From the line with "Image of Oxford" to the line with "(EDC0224-105) Red Gold", retype each line exactly as it stands in the records below, but skip the pictures.

[[ Study material open ]]

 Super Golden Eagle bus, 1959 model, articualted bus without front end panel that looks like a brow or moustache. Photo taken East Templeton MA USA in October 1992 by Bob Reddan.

[[ Study material closed ]]
[[ Study material open ]]

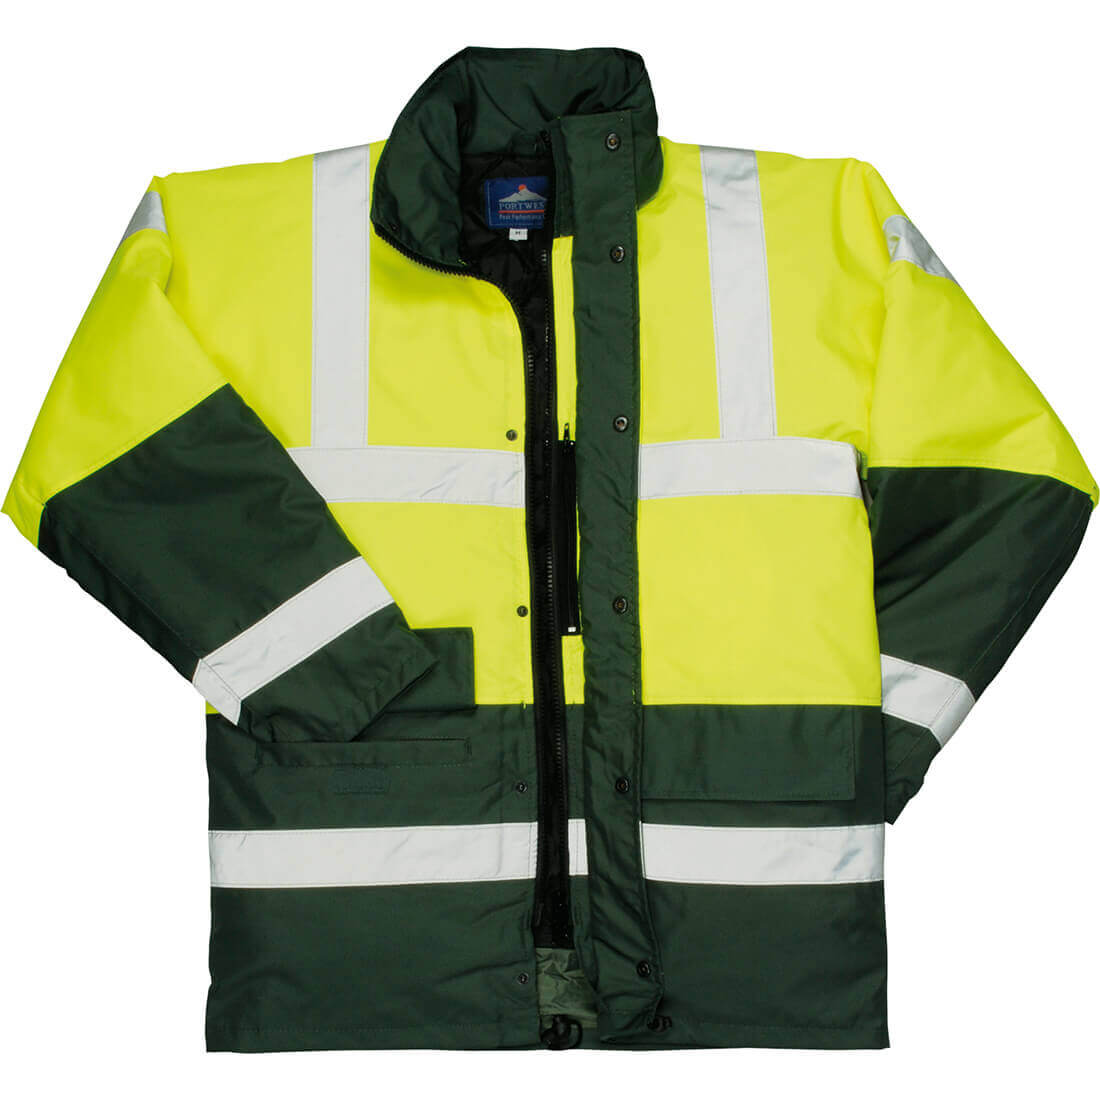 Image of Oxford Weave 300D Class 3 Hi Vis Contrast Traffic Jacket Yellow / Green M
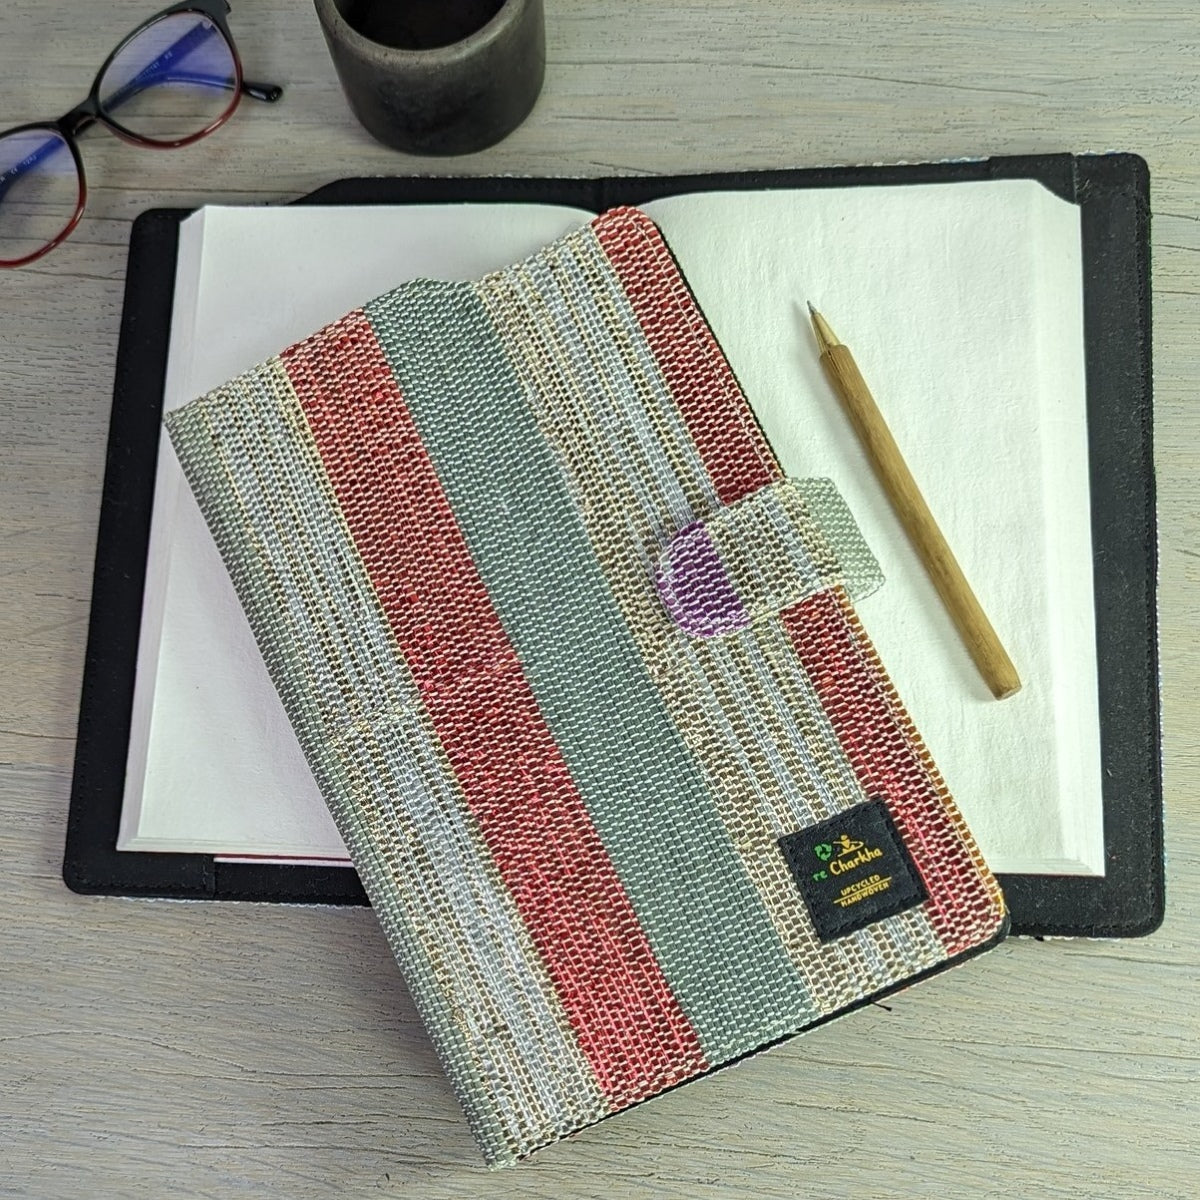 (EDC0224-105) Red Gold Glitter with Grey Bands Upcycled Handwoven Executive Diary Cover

[[ Study material closed ]]

**Answer section**
 Image of Oxford Weave 300D Class 3 Hi Vis Contrast Traffic Jacket Yellow / Green M
 (EDC0224-105) Red Gold Glitter with Grey Bands Upcycled Handwoven Executive Diary Cover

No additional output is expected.